In the records below, find the line with "El Rinconcito De", then retype it and every following line exactly, stopping after the line with "Titel: J.M.R. Lenz'". Leave the pictures out.

The data ▸
_ _ _ _ _
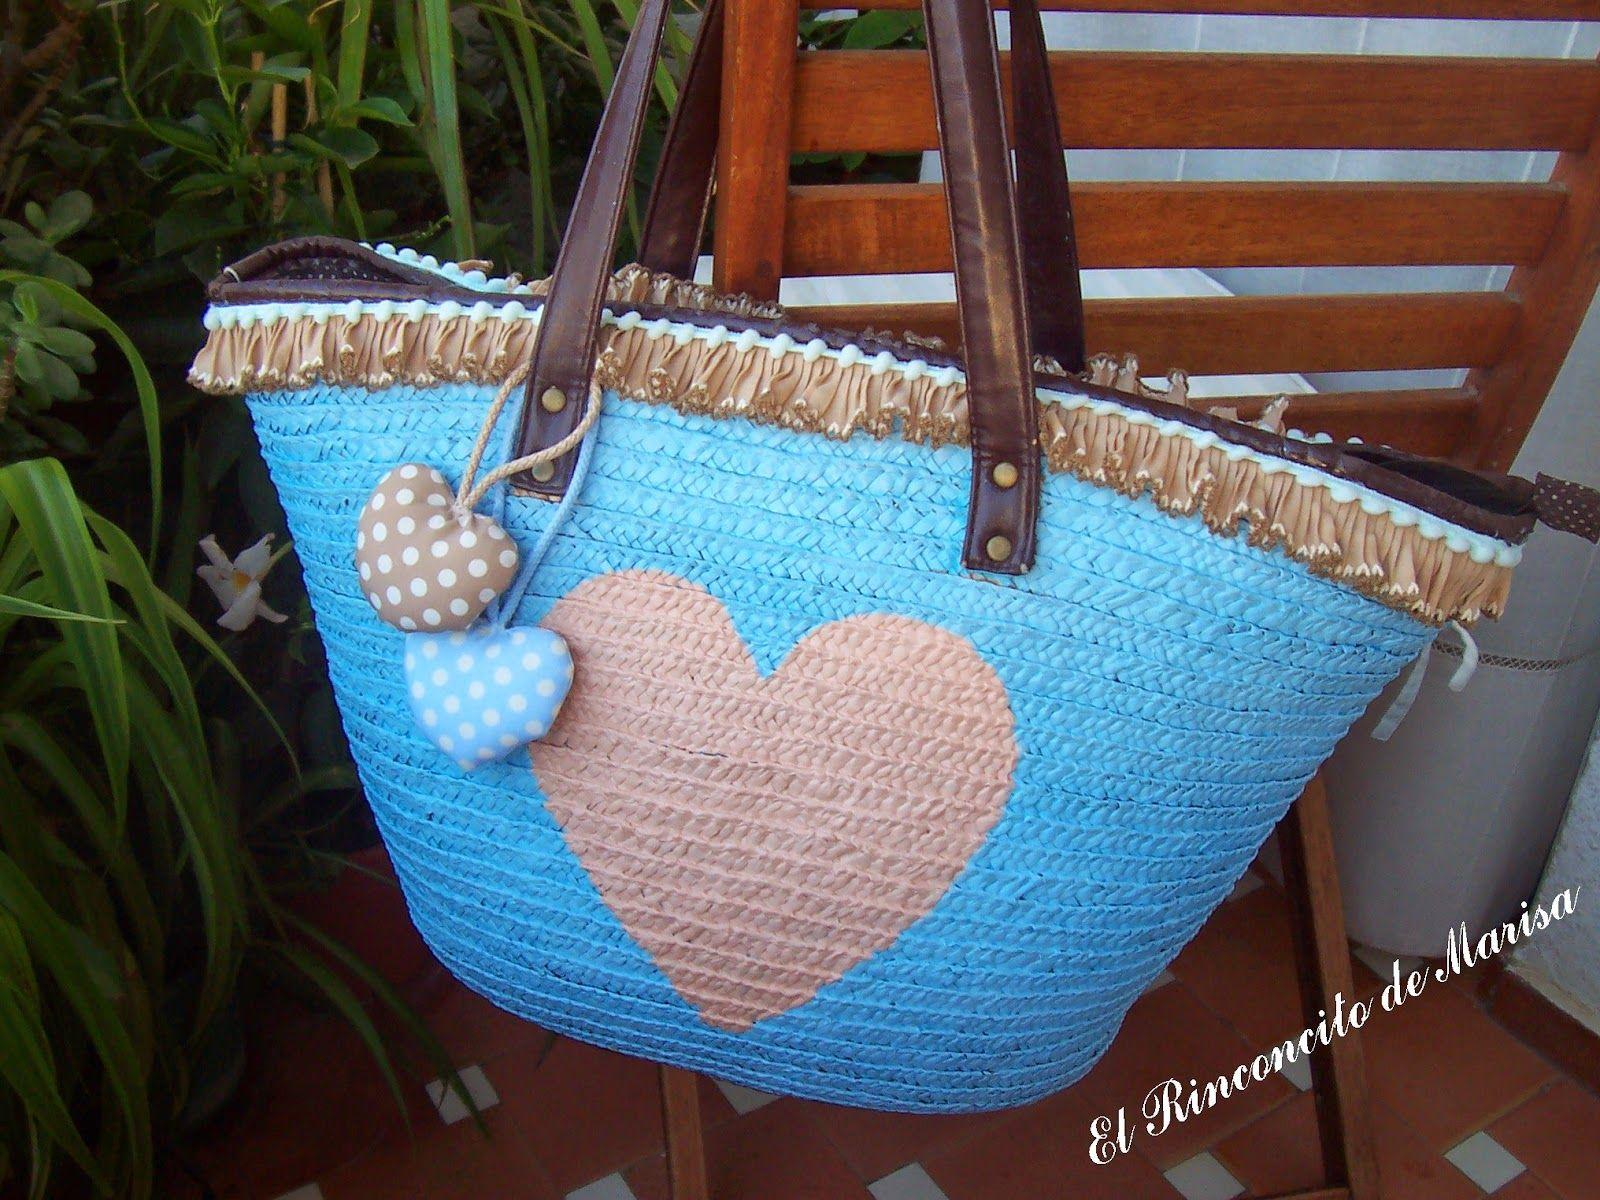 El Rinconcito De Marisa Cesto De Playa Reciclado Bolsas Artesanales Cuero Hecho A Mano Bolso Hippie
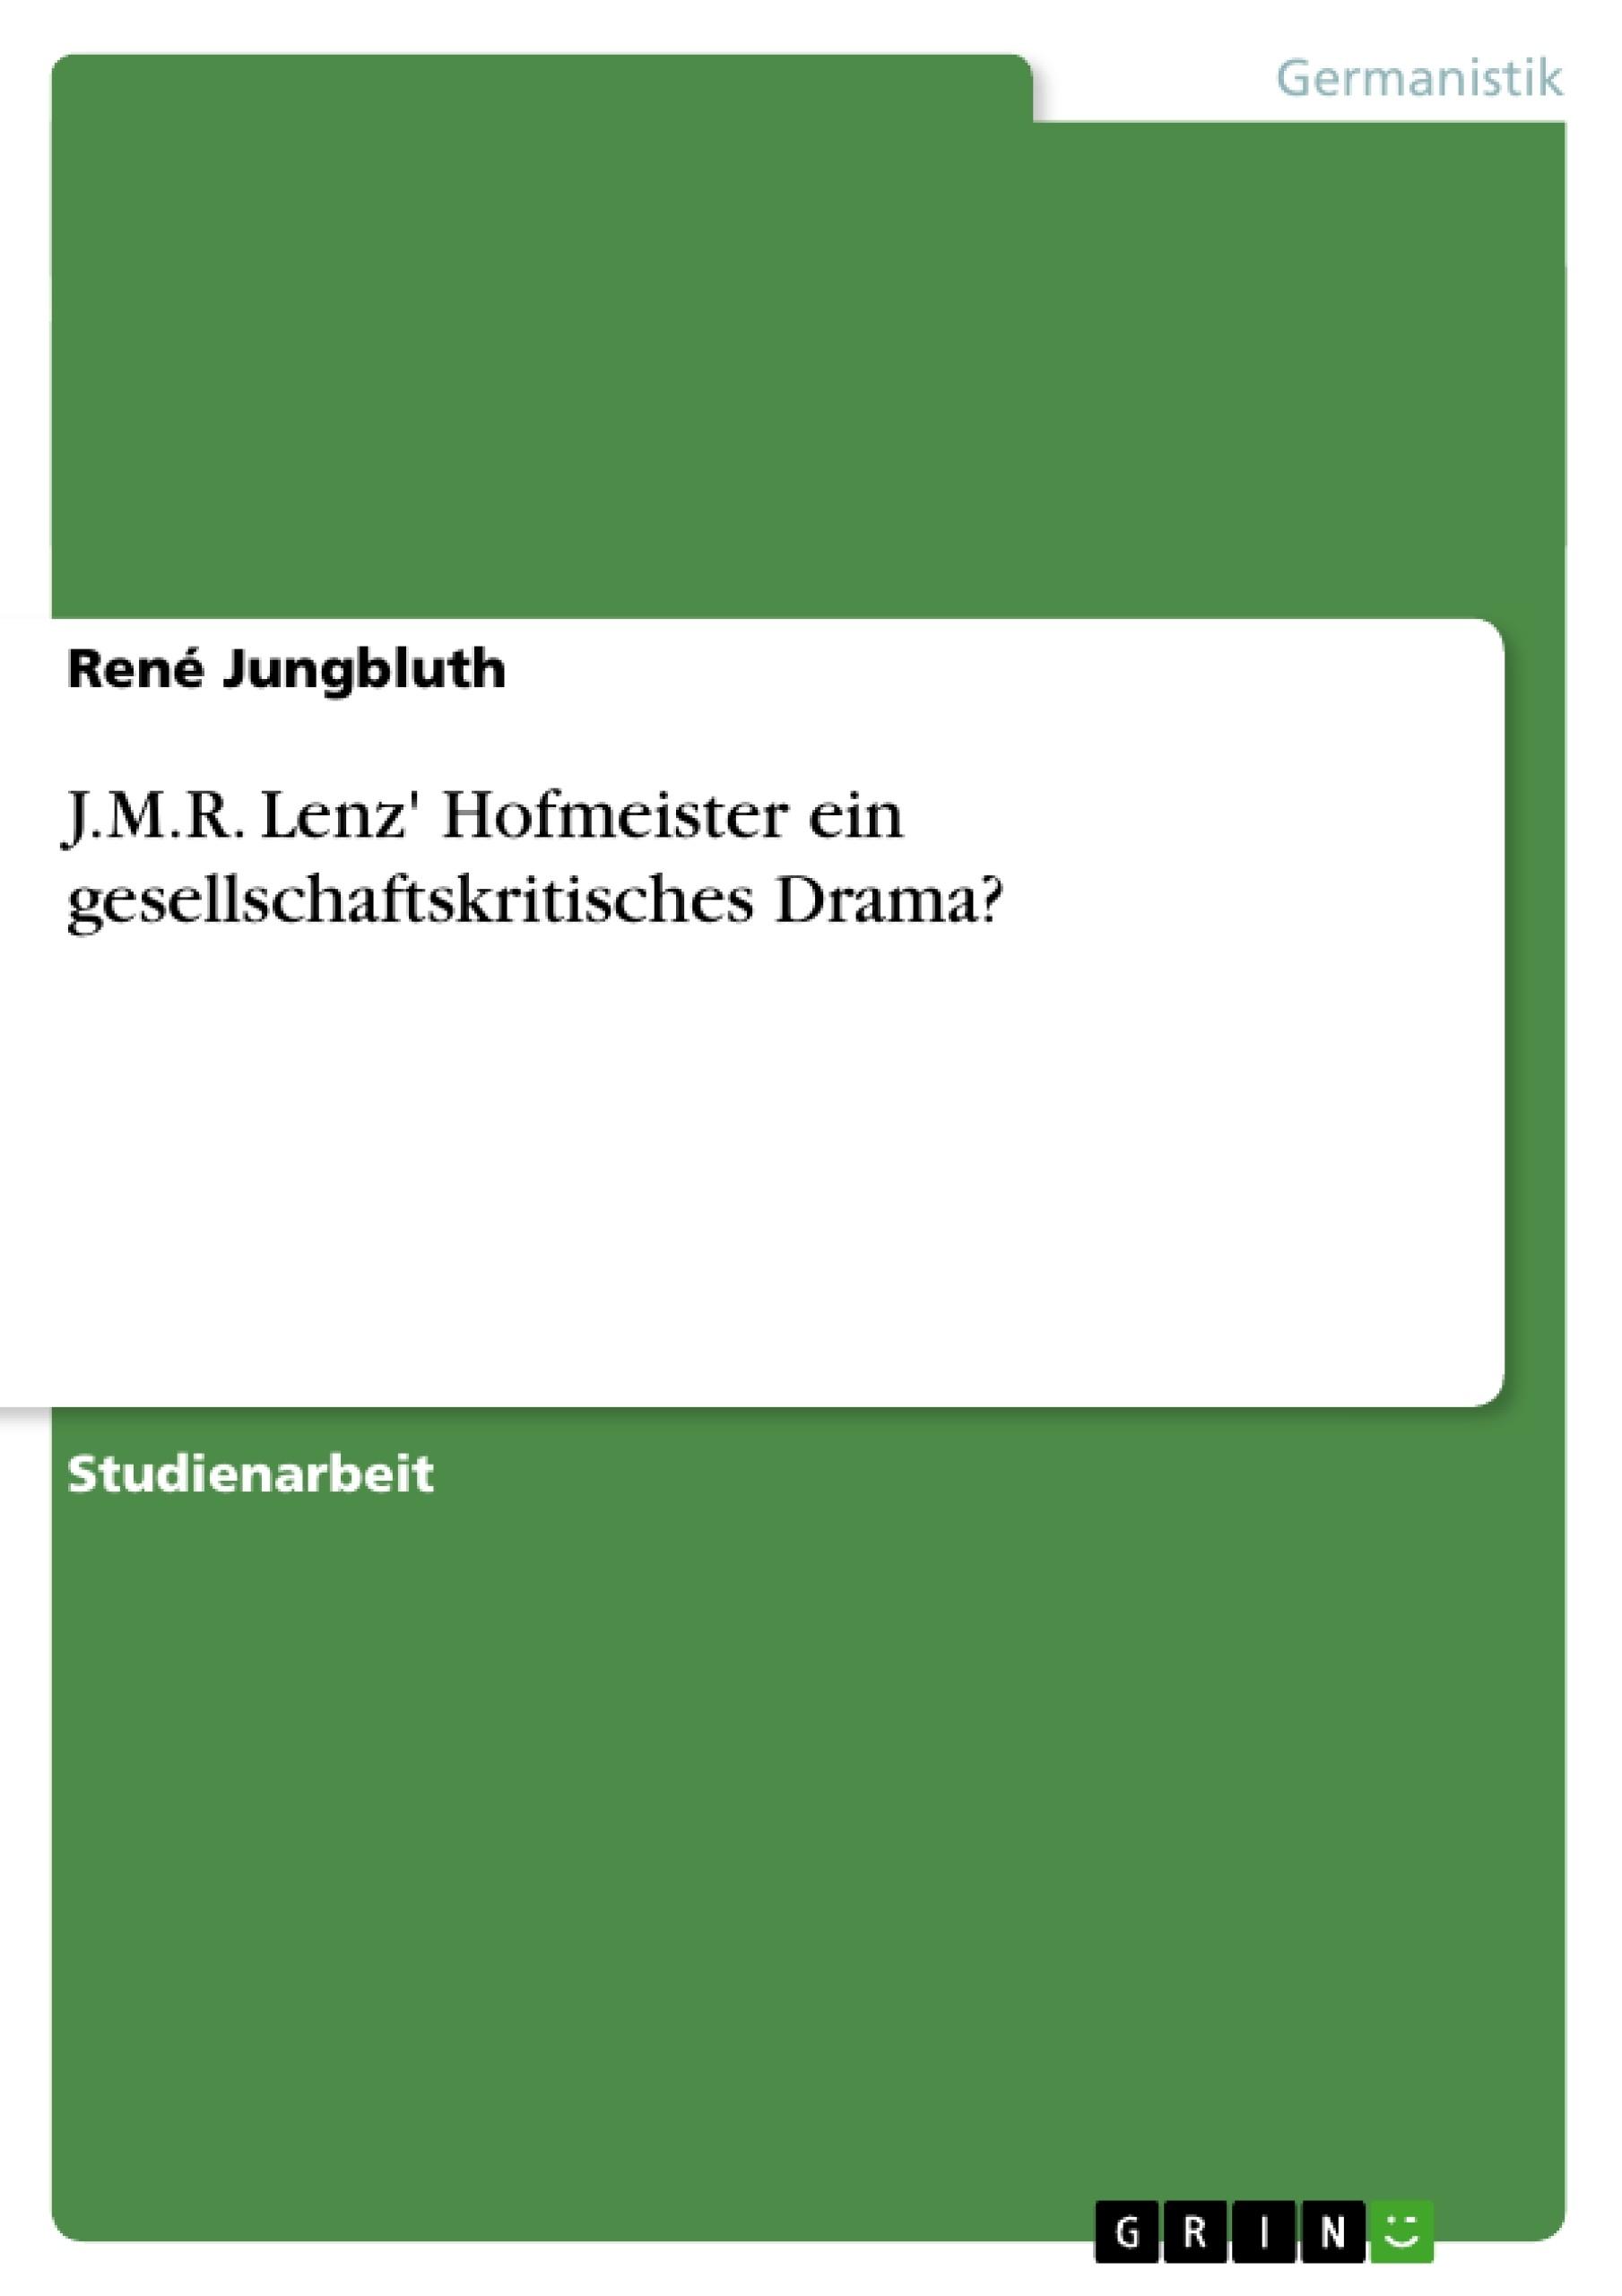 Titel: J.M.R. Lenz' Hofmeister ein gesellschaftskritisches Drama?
_ _ _ _ _
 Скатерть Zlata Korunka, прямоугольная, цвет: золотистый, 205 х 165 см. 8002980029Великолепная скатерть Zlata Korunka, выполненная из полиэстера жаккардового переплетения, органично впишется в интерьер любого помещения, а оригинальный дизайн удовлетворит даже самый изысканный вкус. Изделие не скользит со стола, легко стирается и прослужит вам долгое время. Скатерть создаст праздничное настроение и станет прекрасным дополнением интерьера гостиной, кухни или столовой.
_ _ _ _ _
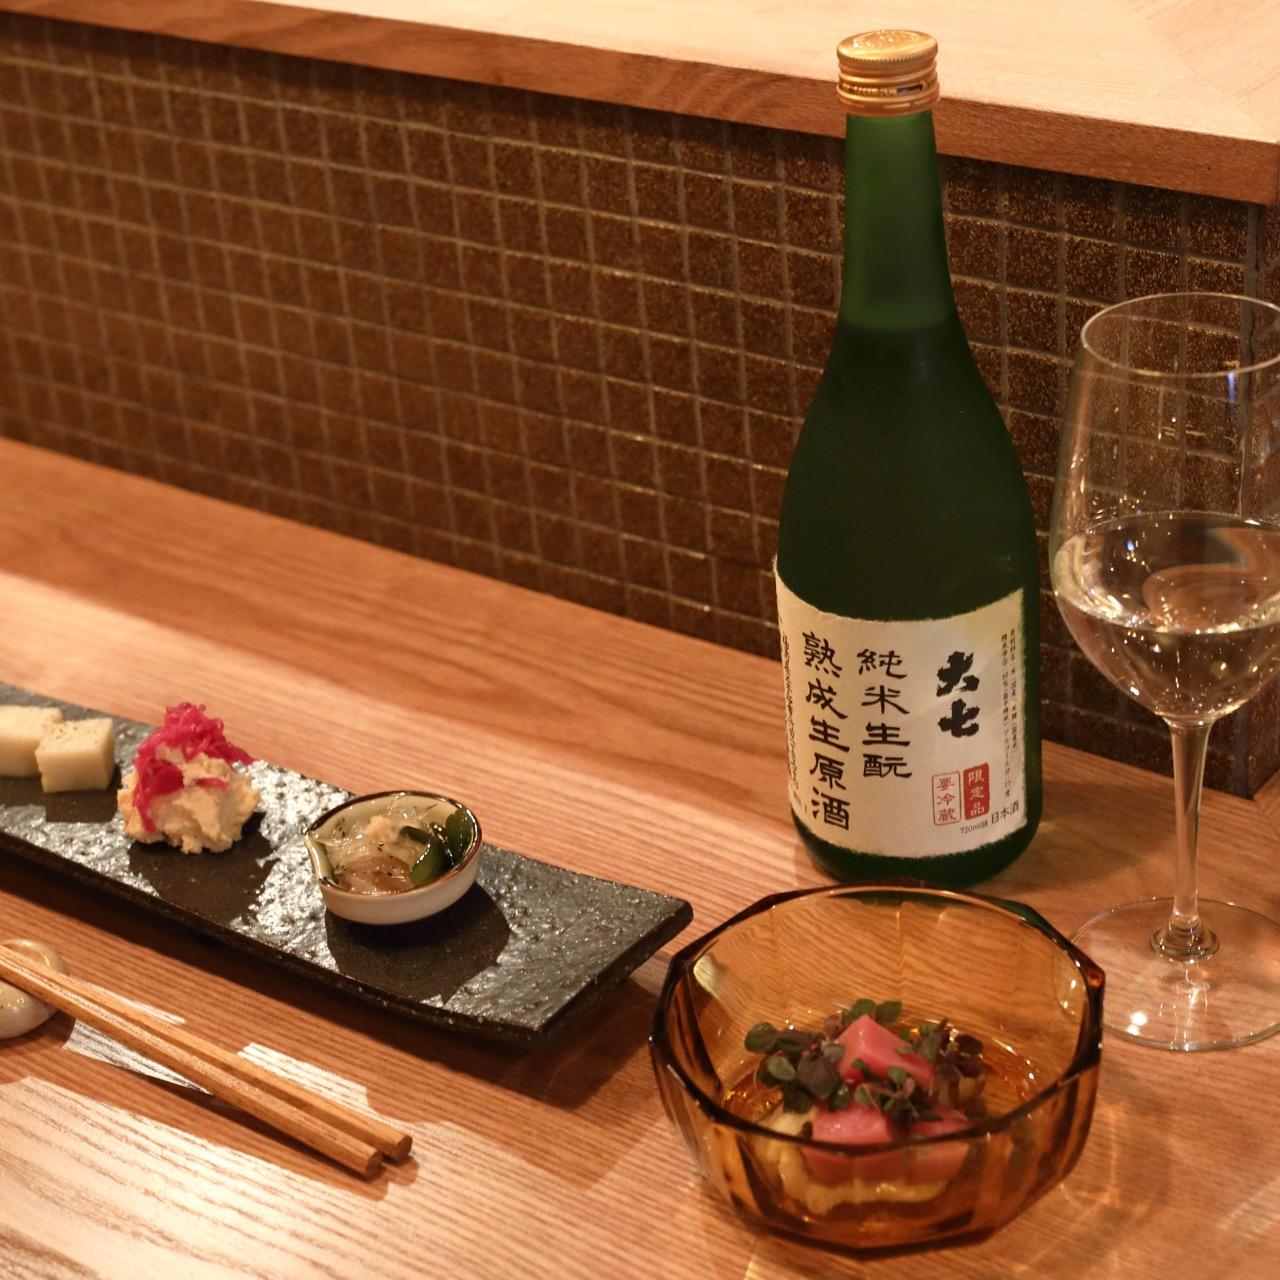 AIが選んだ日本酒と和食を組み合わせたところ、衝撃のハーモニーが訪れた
_ _ _ _ _
Written answer ▸
 El Rinconcito De Marisa Cesto De Playa Reciclado Bolsas Artesanales Cuero Hecho A Mano Bolso Hippie
 Titel: J.M.R. Lenz' Hofmeister ein gesellschaftskritisches Drama?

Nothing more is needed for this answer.